カトリック社会学者のぼやき

カトリシズムと社会学という二つの思想背景から時の流れにそって愚痴をつぶやいていく

特別展「出雲と大和」から学ぶ

2020-02-06 10:12:35 | 観光

 昨日は思いたって東京国立博物館に「出雲と大和」特別展を見に行った。平日の午前中にもかかわらず、マスクをした歴史愛好家・美術愛好家で混雑していた。
 今年は『日本書紀』が編纂されて(720)ちょうど1300年の記念すべき年なのだという。この特別展は出雲を「幽」とし、大和を「顕」と表して、両者の特徴を対照的に示している。幽とは祭祀、顕とは政治を指すらしい。「幽と顕」という区別は『日本書紀』にあるのだという。

 この特別展は近年の様々な発掘、研究の進展を丁寧に紹介している。昔の中学生程度の知識しか無いわたしは、出雲は大和に征服されたとかの話しか覚えていない。最近でも山川出版の『詳説日本史研究』(2009)にはヤマト政権の詳しい説明はあっても、出雲への言及はない(索引すらない)。他方最近は、出雲が大和を攻めたのだというような説もあるようで、歴史音痴の私には、ただただ驚くだけの展示だった。「音声ガイド」を借りないと、弥生時代・古墳時代・奈良天平・平安時代にわたる時代の変化はとてもフォロー出来なかった。音声ガイドの語りは橋爪功さん(俳優)で、なかなかのものだった。
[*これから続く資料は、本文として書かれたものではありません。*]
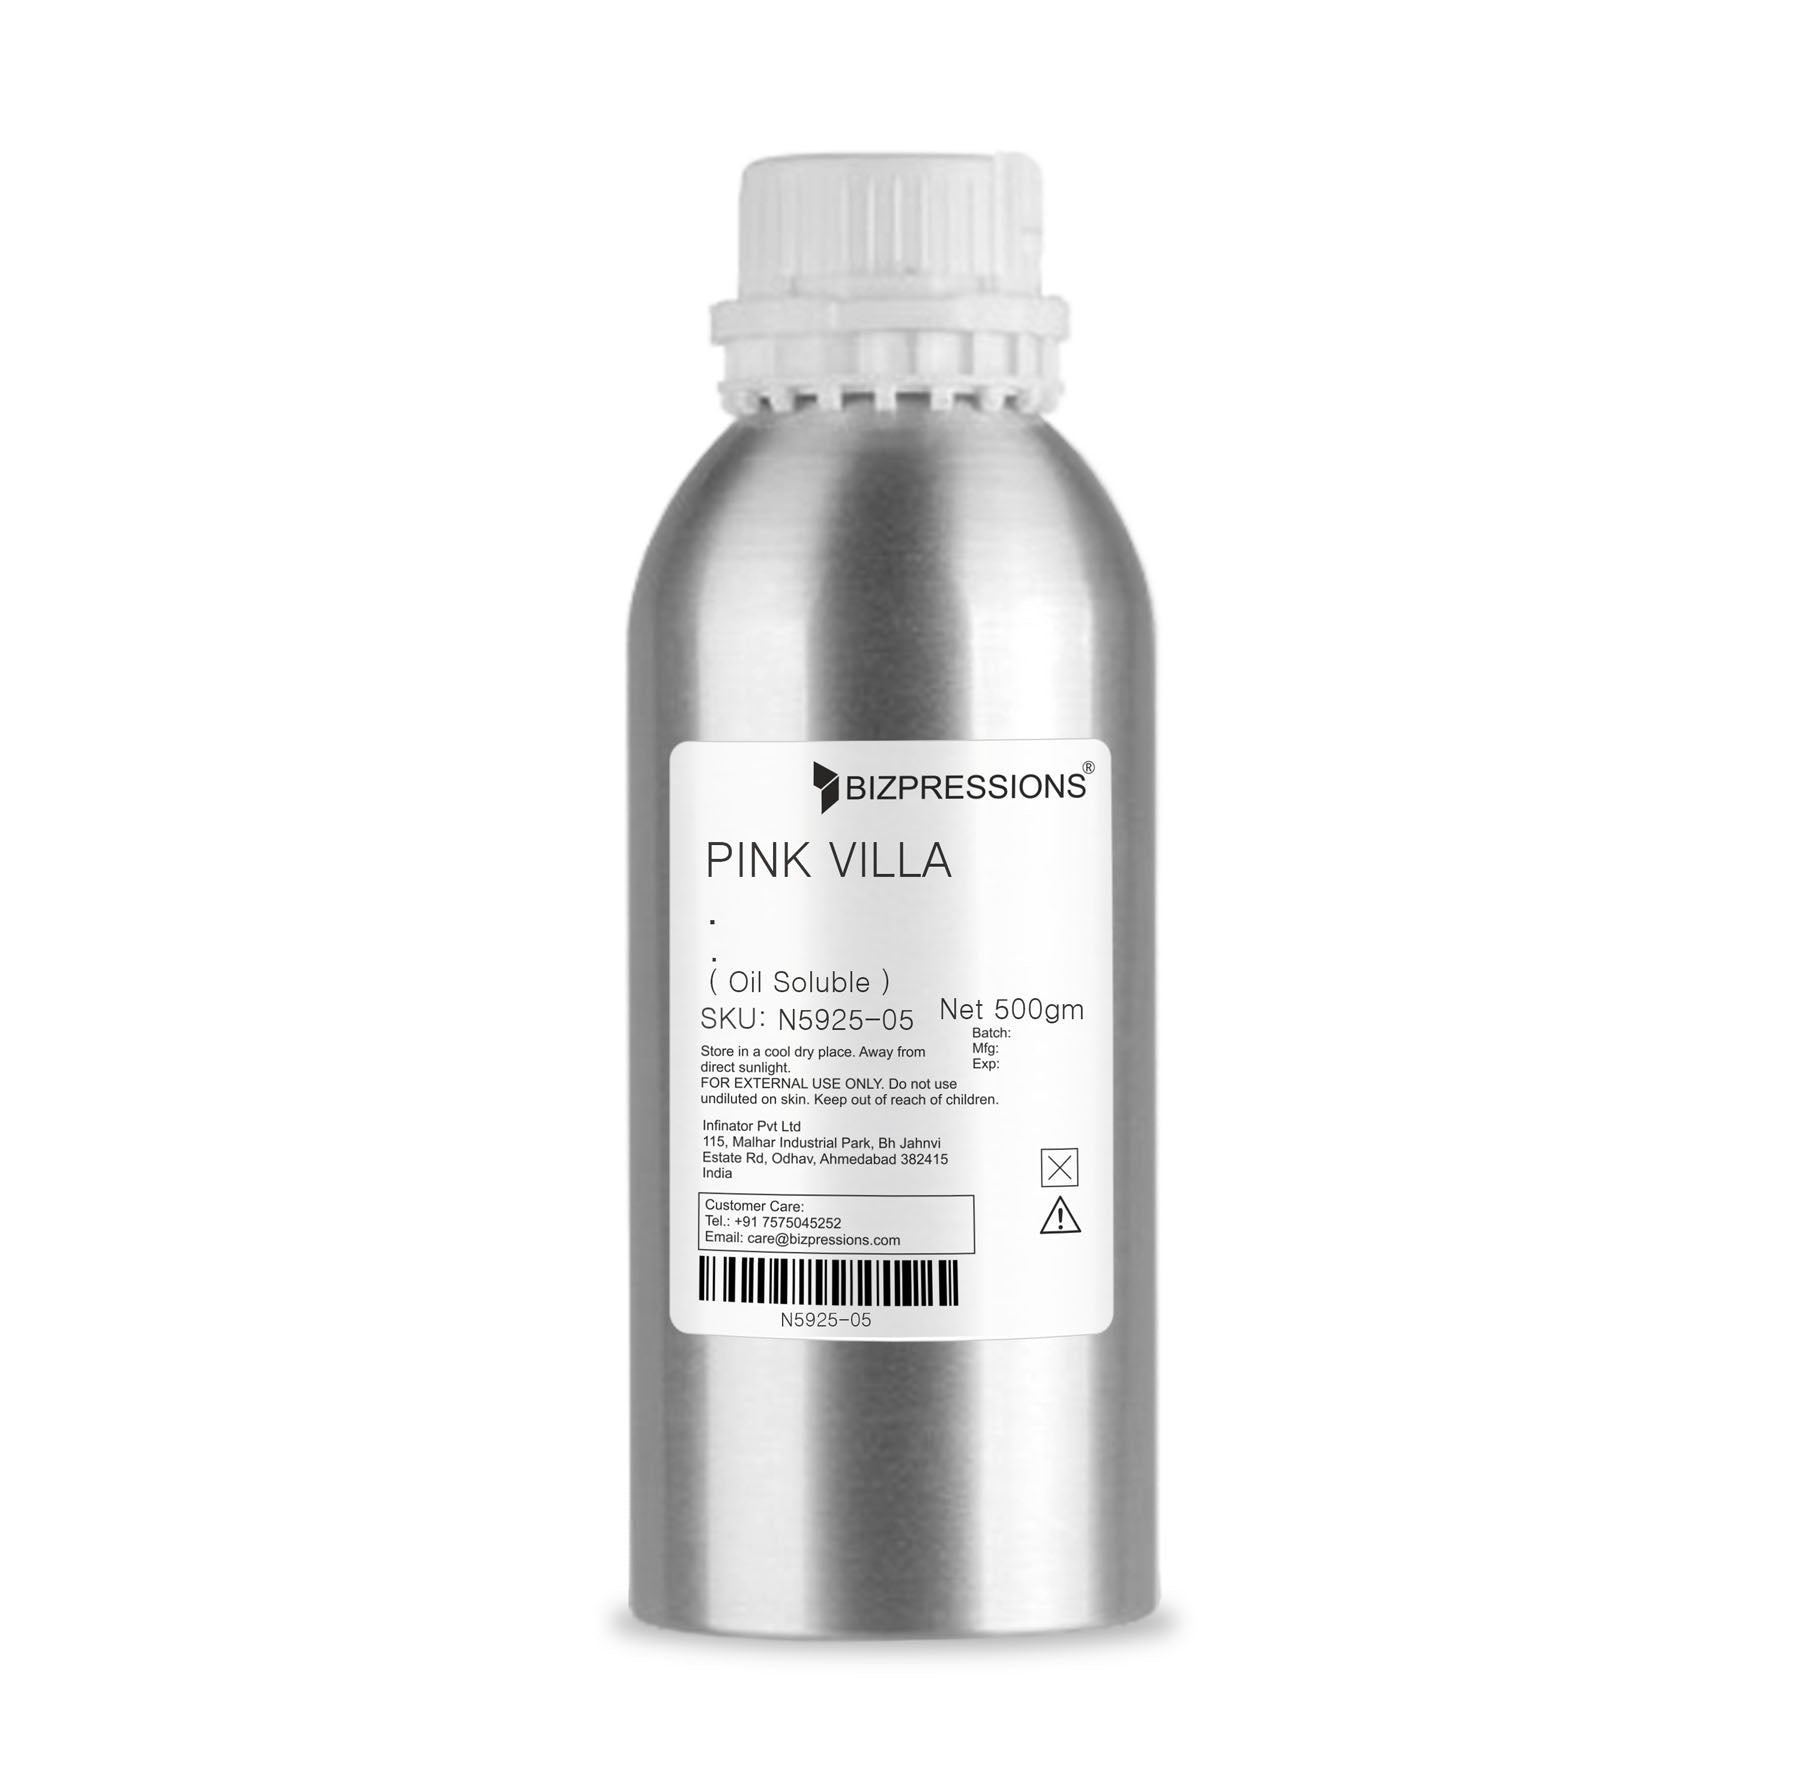 PINK VILLA - Fragrance ( Oil Soluble ) - 500 gm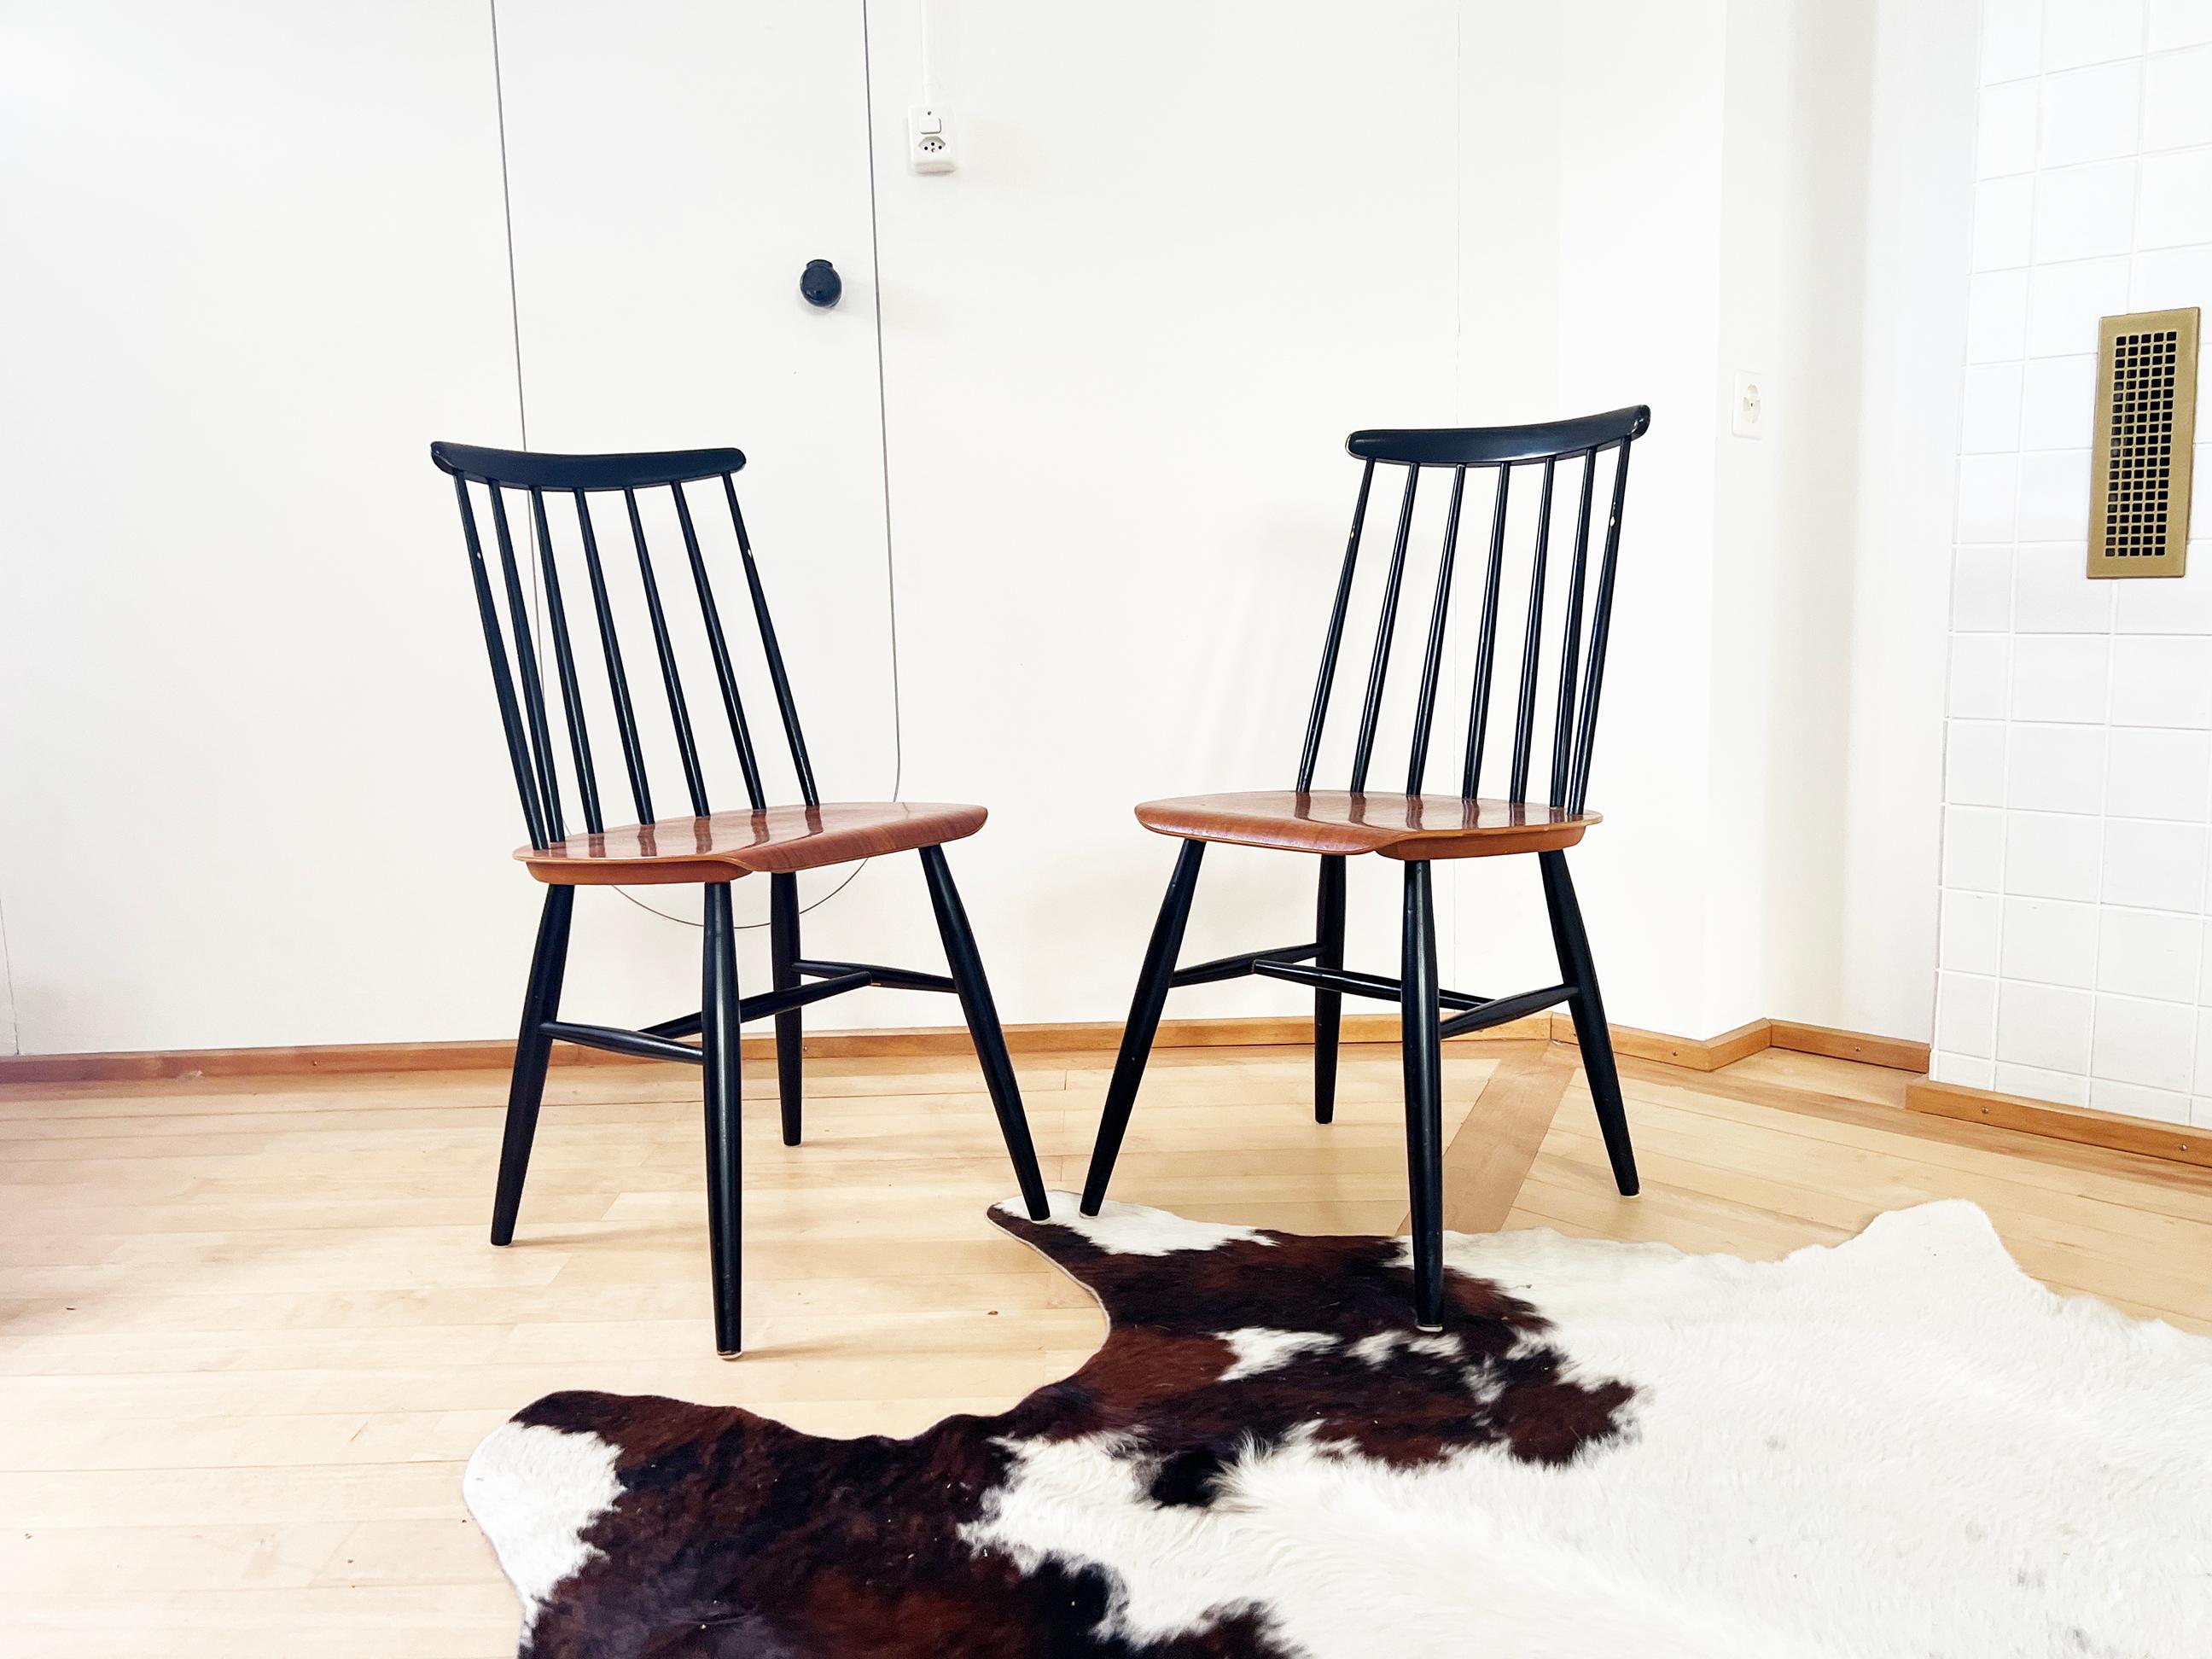 Birch Scandinavian Fannet Spindle Chairs by Tapiovaara w/ Curved Teak Seats 60s - 4pcs For Sale

 最初にまず『日本書紀』の神代巻下と巻二が目に入る。立派な写本らしく、目を奪われる。デジタル表示もよかった。考えてみれば今は小学校の教科書でも日本の神話は出てこないらしい。イザナキ・イザナミ、アマテラスとスサノオ、ヤマタノオロチ、大国主命と国譲りなどの話はマンガやアニメで伝承されているのだろうか。

 展示の目次(部屋割り)は以下のようになっていた。

第1章 巨大本殿 出雲大社
第2章 出雲 古代祭祀の源流
第3章 大和 王権誕生の地
第4章 仏と政

 第1章では、まず、圧巻の本殿の「宇豆柱 うづばしら」と「心御柱 しんのみはしら」に対面する。2000年に発見・発掘された3本の大木を束ねた柱で、直径は何と3メートルという。支えていた出雲大社本殿の高さは48メートルという。16階建てのビルの高さということになる。本殿の10分の1の復元モデルも展示されていた。


 

(出典は東京国立博物館)


 第2章の出雲では、銅剣358本、銅矛16本、銅鐸6個が出土した荒神谷遺跡(1984年)、銅鐸39個が出土した加茂岩倉遺跡(1996年)、そして大和の前方後円墳とは全く異なる「四隅突出型墳丘墓」などが目を引く。出雲が大和とは全く異なった勢力だったことが力説される。

 第3章の大和では、前方後円墳の副葬品や埴輪など古墳時代から説明される。カメラが許されているのは2箇所のみだが、この黄金色の埴輪はまぶしかった。圧巻は国宝「七支刀」だろう。石上神宮に伝わり、樹木のように左右に三本枝分かれしている剣だ。百済との交流が説明される。「交流」には親好から征服・朝貢までいろいろな意味がこめられていることが暗示される。

 第4章は仏像の展示だ。日本への仏教の伝来(「公伝」というらしい)は古墳時代後期(教科書風に言えば552年)のようだが、ここでは奈良・平安時代の国宝級の仏像がずらりとならぶ。仏像だけだと宗教性はあまり感じず、説明では「鎮護国家」が強調されていたが、東京でこれだけのものを見られるのだから仏像好きにはたまらない展示だろう。

 私には印象をまとめるほどの知識はないが、出雲と大和を平等に取り扱っているのが印象的であった。展示はどこでもそうだが、説明の文字は小さすぎて年寄りには読むのがつらい。
 説明といえば、ナショナリズムを妙にくすぐるものではなく、アカデミックな展示とまとめかたをしているという印象を受けた。たとえば、卑弥呼の墓と言われる「箸墓古墳」への「ミューオン」(素粒子)による調査でなにか「空間」らしきものが発見されたというビデオ映像は印象的であった。
 そうじて、日本文化の源流を目に見える形で確認させてくれるよき展示であった。特別展の名に恥じない。